A preferable approach consists of critically evaluating and reporting results on the basis of criteria other than (or including but not limited to) statistical significance. Biological plausibility, possible sources of bias and confounding, and number of tested associations are amongst such other criteria. Recently, statistical approaches have been proposed to take into account the possibility that significant results are generated by chance when many comparisons are made .

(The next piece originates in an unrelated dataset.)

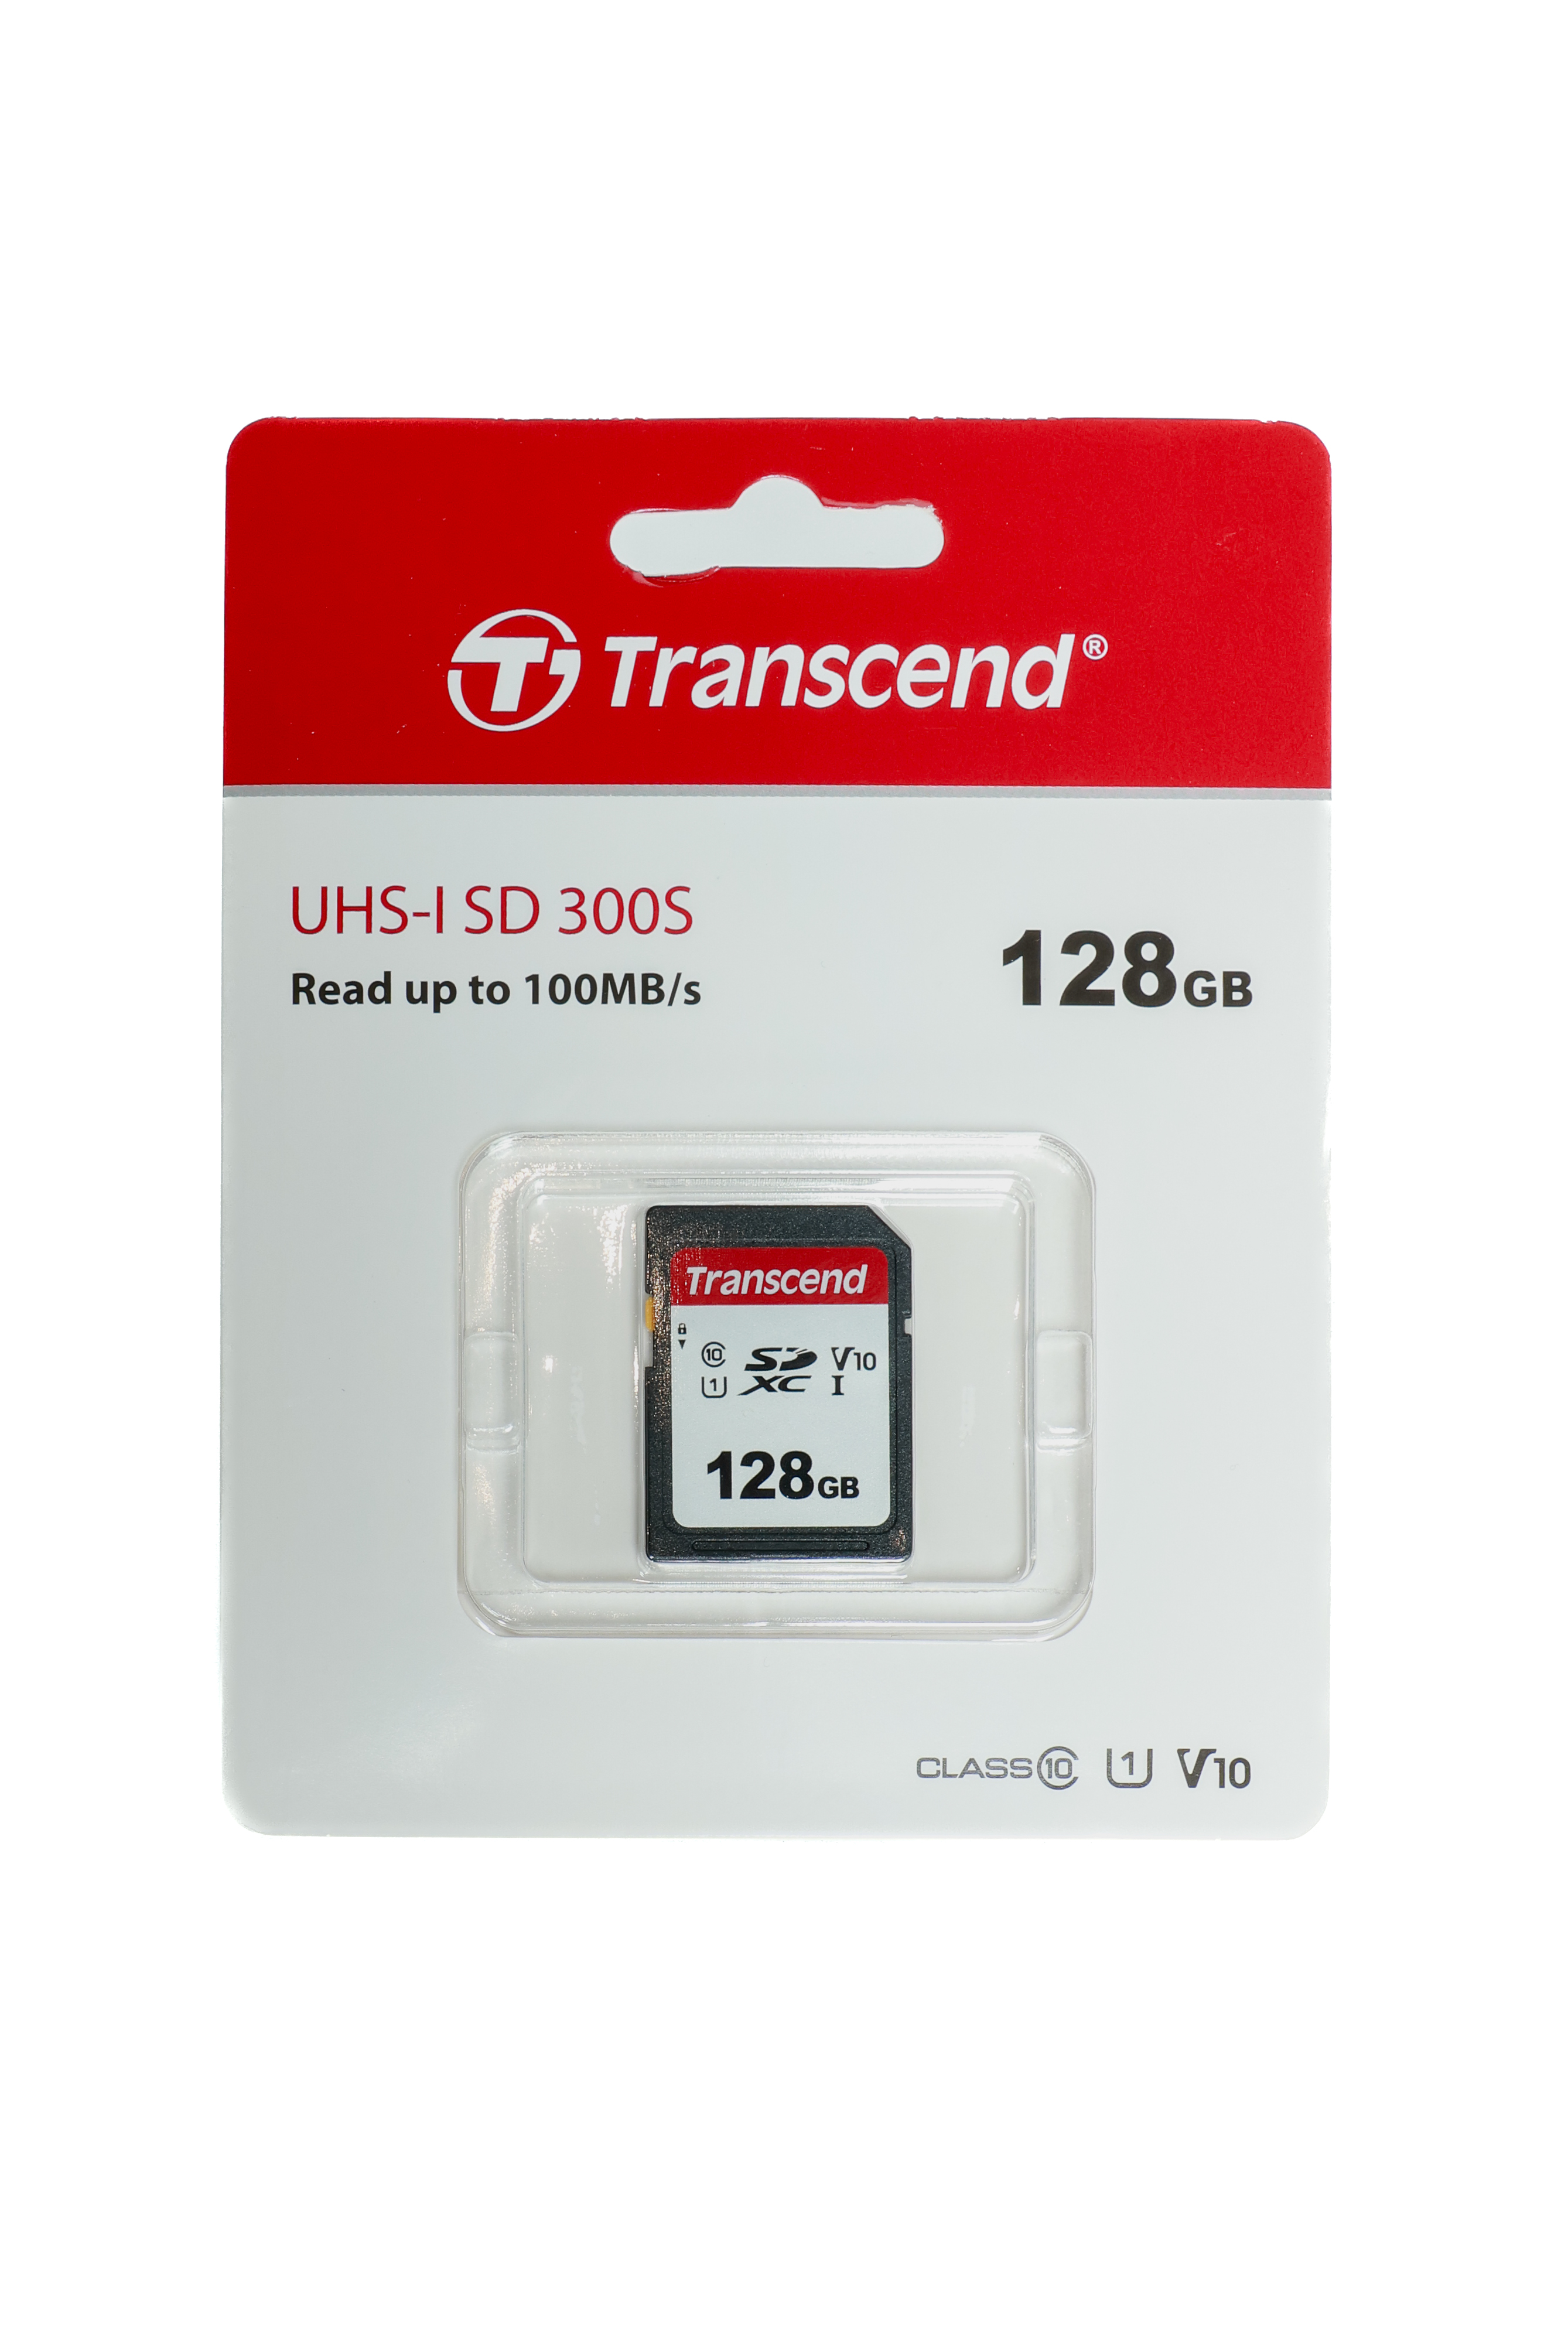 UHS-I SD 300S, 128 GB.

Almost 20 years have passed since the term ‘molecular epidemiology’ was proposed . It is clear that molecular techniques have found an important (and growing) role in epidemiological studies. So far, however, there are not many cases in which the application of a molecularly or even a general biologically based approach has represented an enormous leap in the evidence brought by traditional epidemiological methods. Assessment of exposure to aflatoxins, enhanced sensitivity and specificity of assessment of past viral infection, detection of protein and DNA adducts in workers exposed to reactive chemicals (such as ethylene oxide) are amongst the examples in which molecular epidemiology has greatly contributed to the understanding of human cancer. In many other cases, however, initial, promising results have not been confirmed by subsequent, usually methodologically more sound, investigations. They include, in particular, the search for susceptibility to environmental carcinogens by looking at polymorphism for metabolic enzymes .
If biomarkers offer new opportunities to overcome some of the limitations of epidemiology, their added value over traditional approaches should be systematically assessed. Biomarkers should be validated; consideration of sources of bias and confounding in molecular epidemiology studies should be no less stringent than in other types of epidemiological studies. Similarly, other aspects of the study (e.g. determination of required sample size, statistical analysis, reporting and interpretation of results) should be approached with the same rigor as that used in epidemiology in general. When molecular epidemiological studies will be conducted according to state-of-the-art design, analysis and interpretation, the discipline will have reached its maturity.
Received 11 October 2000; accepted 17 October 2000.